◆ **What this task involves**: Without any images, write the listing below out word for word.

◆ **Source data**:

Content starts

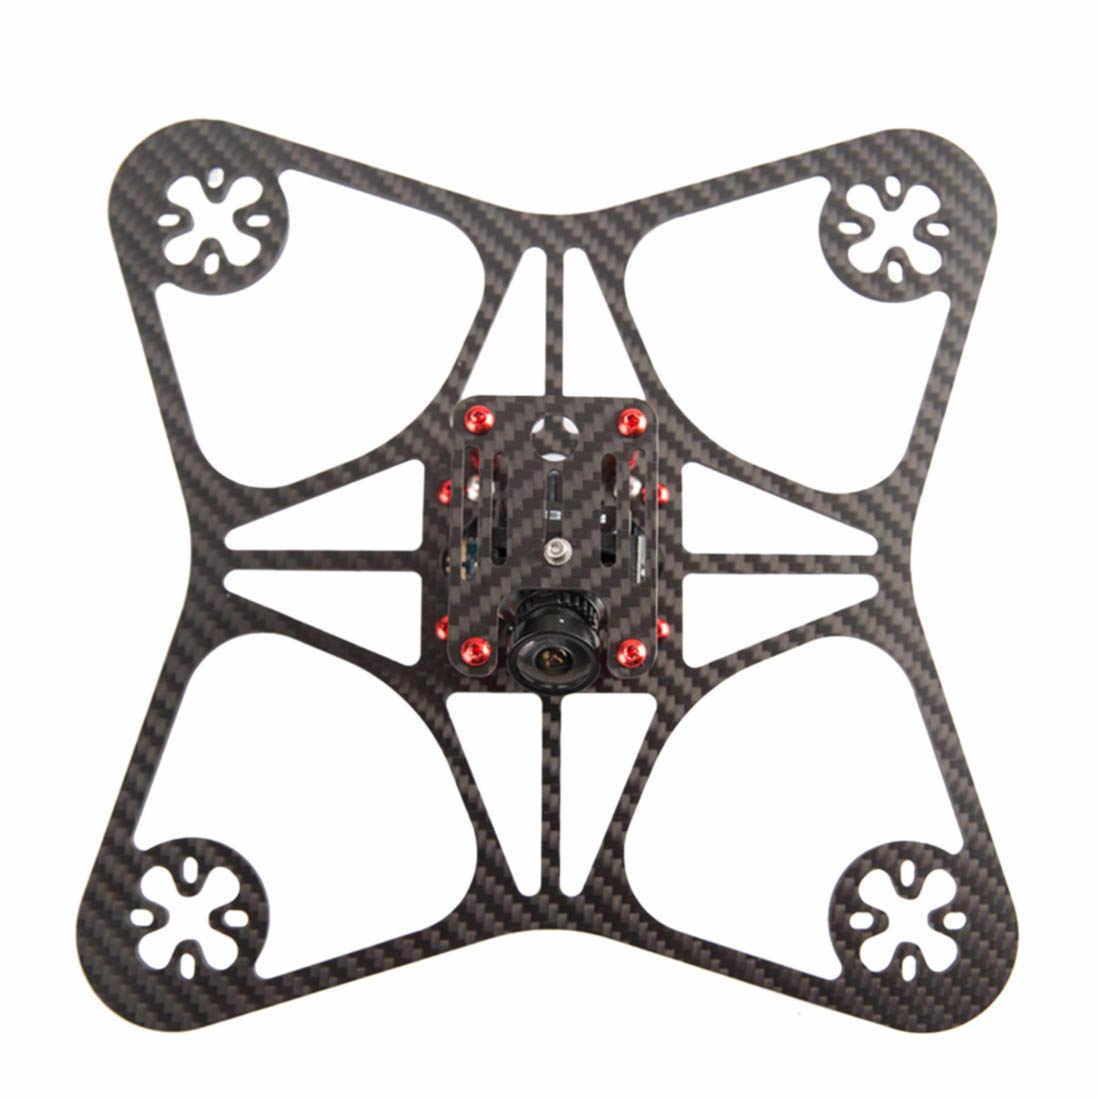 iFlight Broken-resistant Square Base Frame 3K Import Carbon Fiber Body Frame for XS5 FPV Race Quad
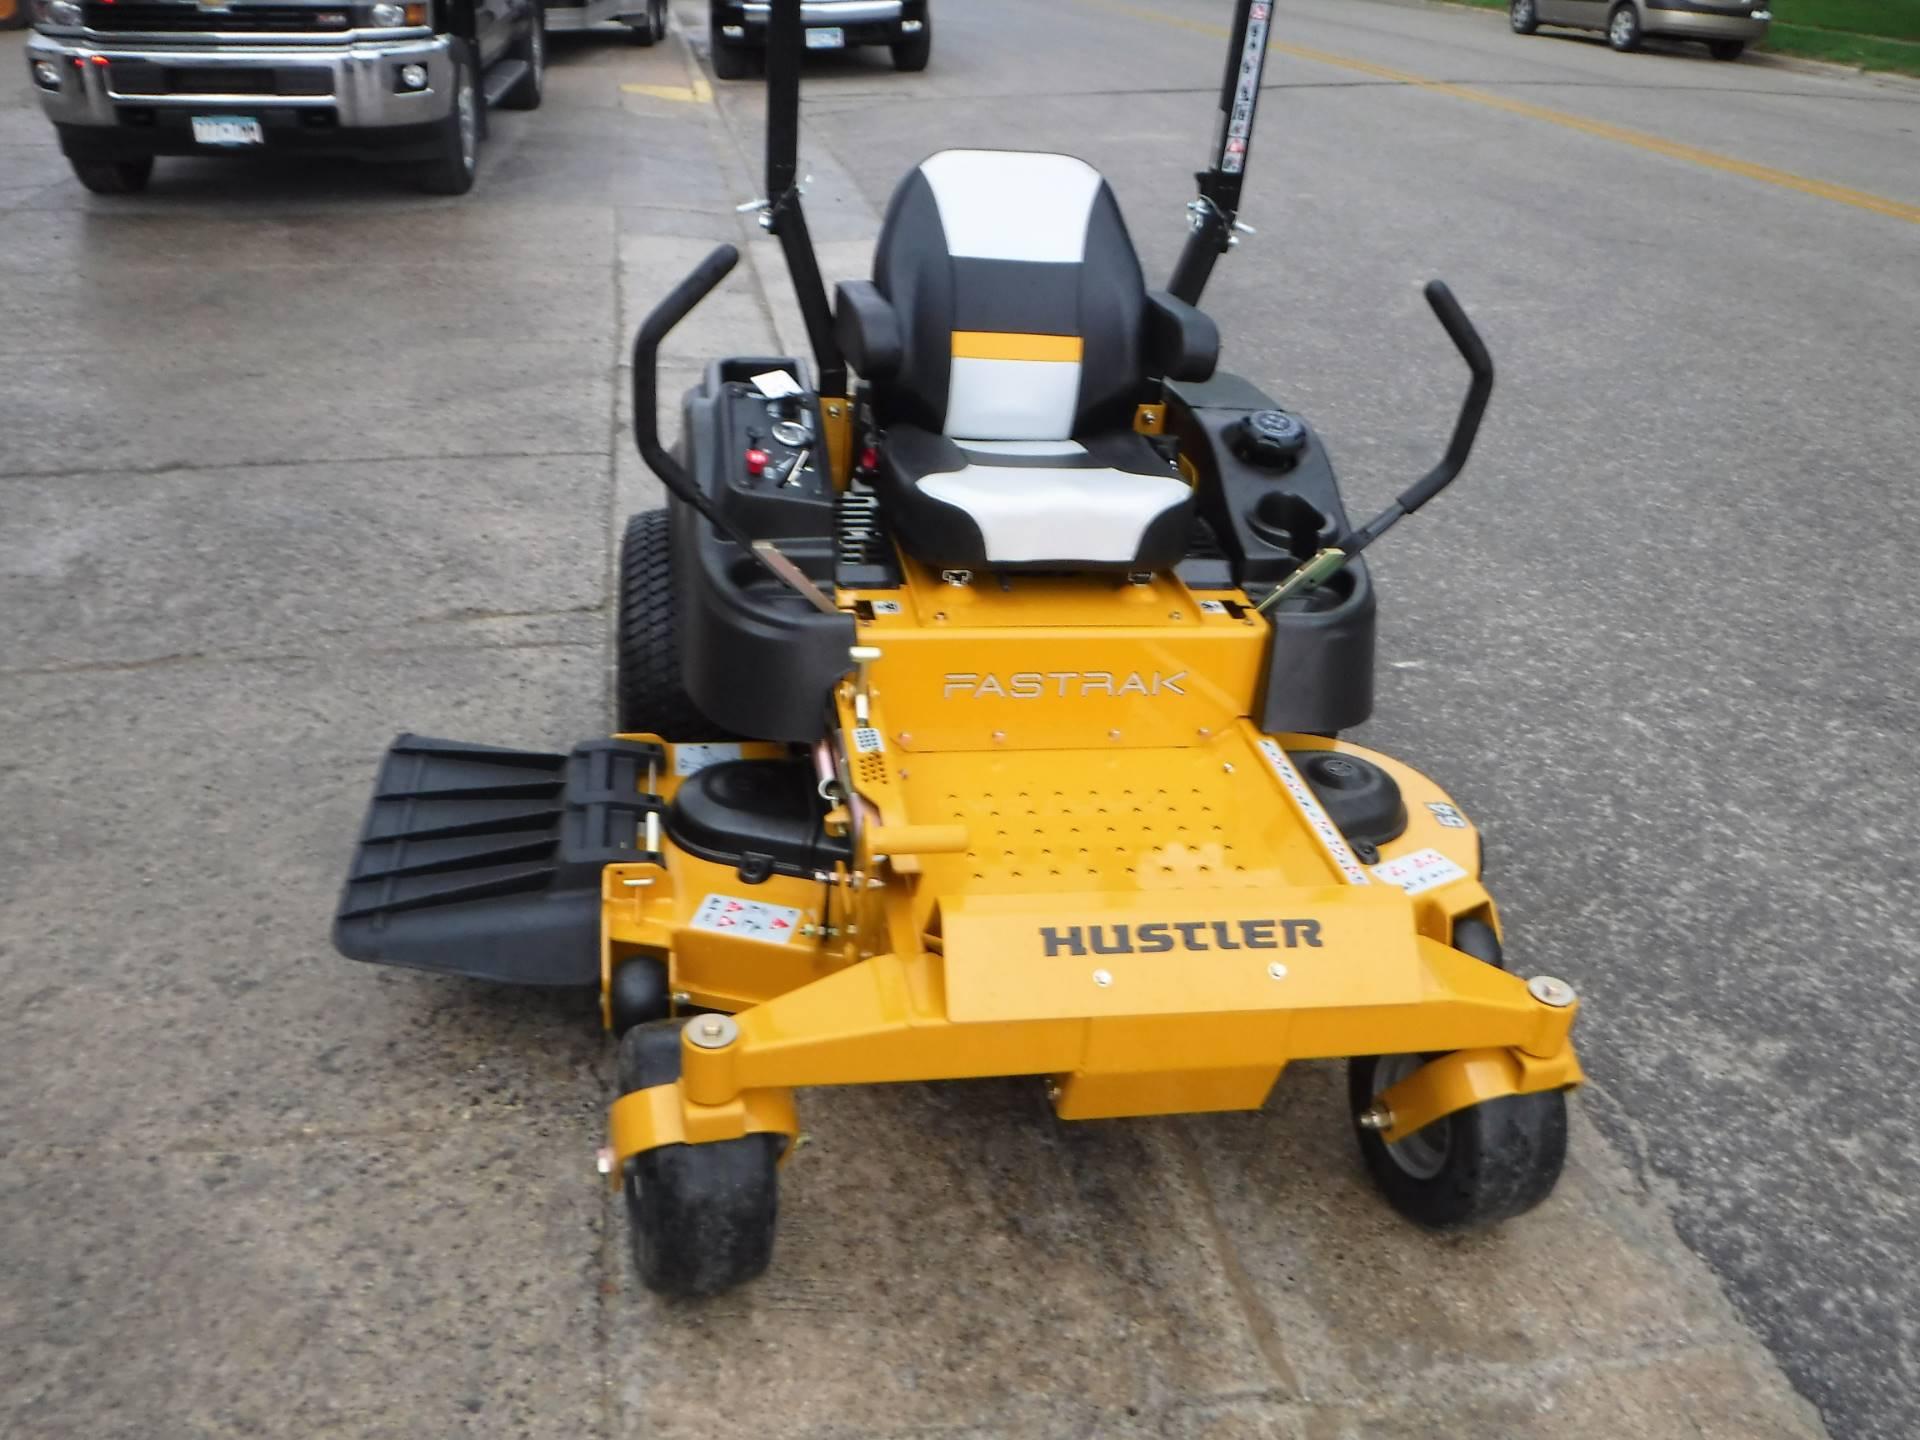 New 2017 Hustler Turf Equipment FasTrak 54 in Kawasaki FR691V Lawn
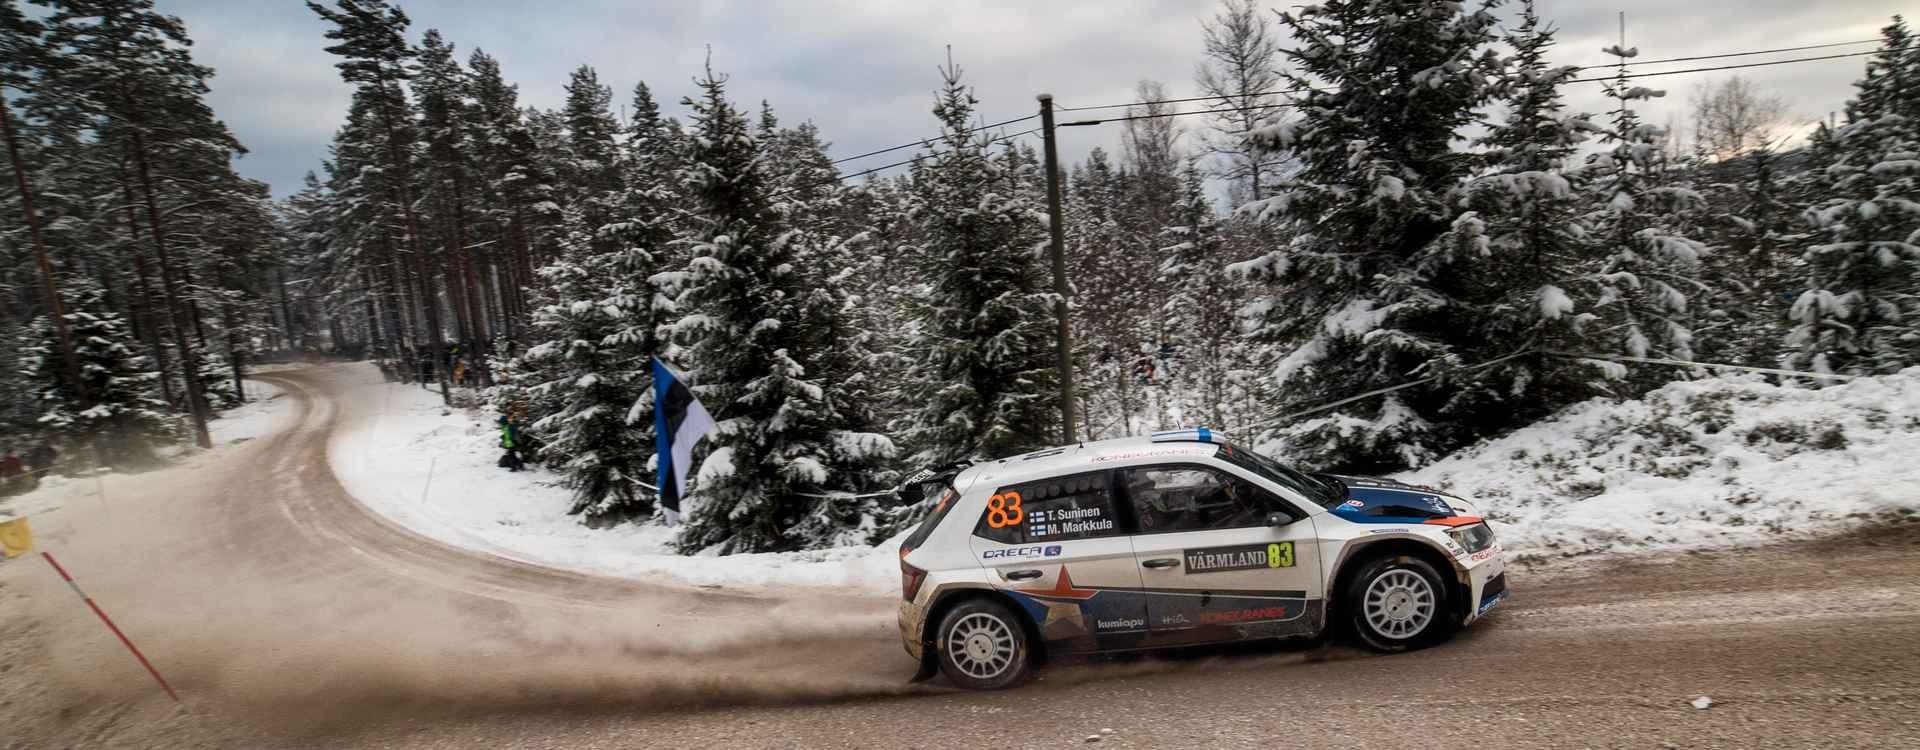 Rally Sweden: ŠKODA Fabia R5 cars shine in the snow

Content ends

◆ **Completed task**:
 iFlight Broken-resistant Square Base Frame 3K Import Carbon Fiber Body Frame for XS5 FPV Race Quad
 New 2017 Hustler Turf Equipment FasTrak 54 in Kawasaki FR691V Lawn
 Rally Sweden: ŠKODA Fabia R5 cars shine in the snow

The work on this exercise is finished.